II – AGRAVO DE INSTRUMENTO DA RECLAMADA .
MULTA POR EMBARGOS DE DECLARAÇÃO PROTELATÓRIOS . Os embargos de declaração não se prestam a corrigir eventuais erros de julgamento, mas a integrar determinado ponto de decisão porventura omisso, obscuro, contraditório ou que padeça de algum erro material. Dessa forma, ainda que a reclamada tivesse razão quanto à negativa de caracterização da doença profissional, a utilização do recurso horizontal revelou-se despropositada, porque, não obstante equivocado, o acórdão regional não apresentava nenhum dos vícios previstos nos artigos 1.022 do CPC de 2015 e 897-A da CLT, nomeadamente em virtude de que a conclusão pericial que afastava o nexo de causalidade já havia sido declinada no julgamento do recurso ordinário. A injustificada protelação do feito enseja a manutenção da penalidade aplicada.
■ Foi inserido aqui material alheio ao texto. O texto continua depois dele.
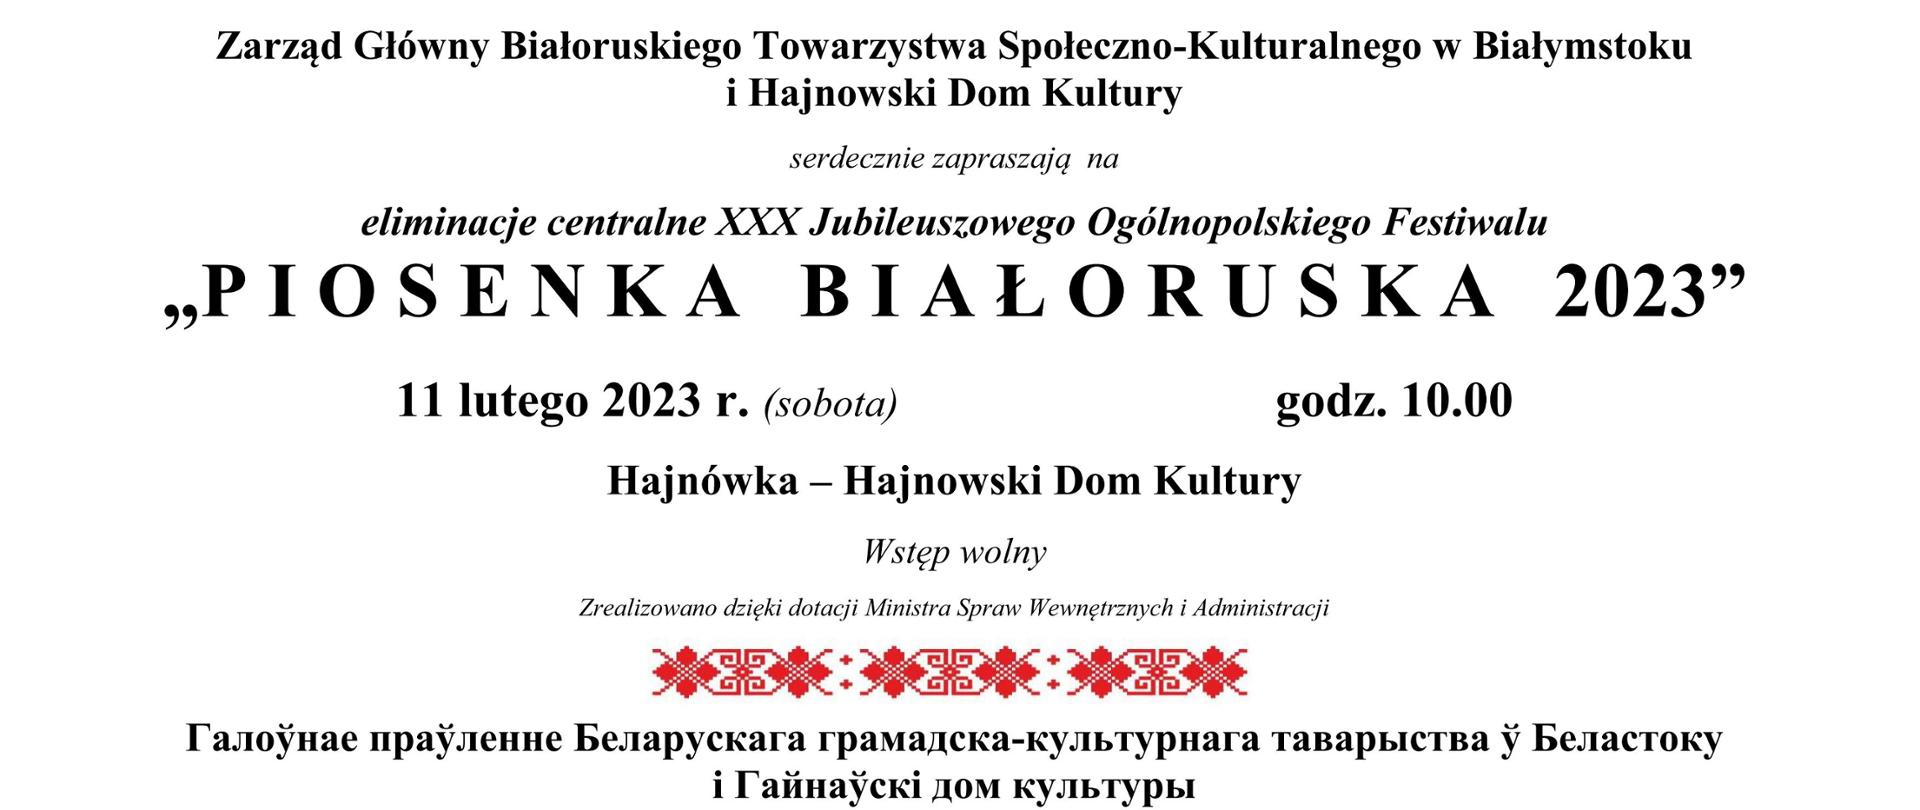 Plakat promujący wydarzenie - na plakacie inofmracje organizacyjne w języku polskim i białoruskim - tytuł wydarzenia, miejsce i termin

Preservada, portanto, a literalidade dos artigos 5º, LV, da CF e 1.026, §2º, do CPC de 2015. Agravo de instrumento conhecido e desprovido.
CONCLUSÃO: recurso de revista conhecido e provido e agravo de instrumento conhecido e desprovido .
Por unanimidade, a Terceira Turma acompanhou o voto do relator.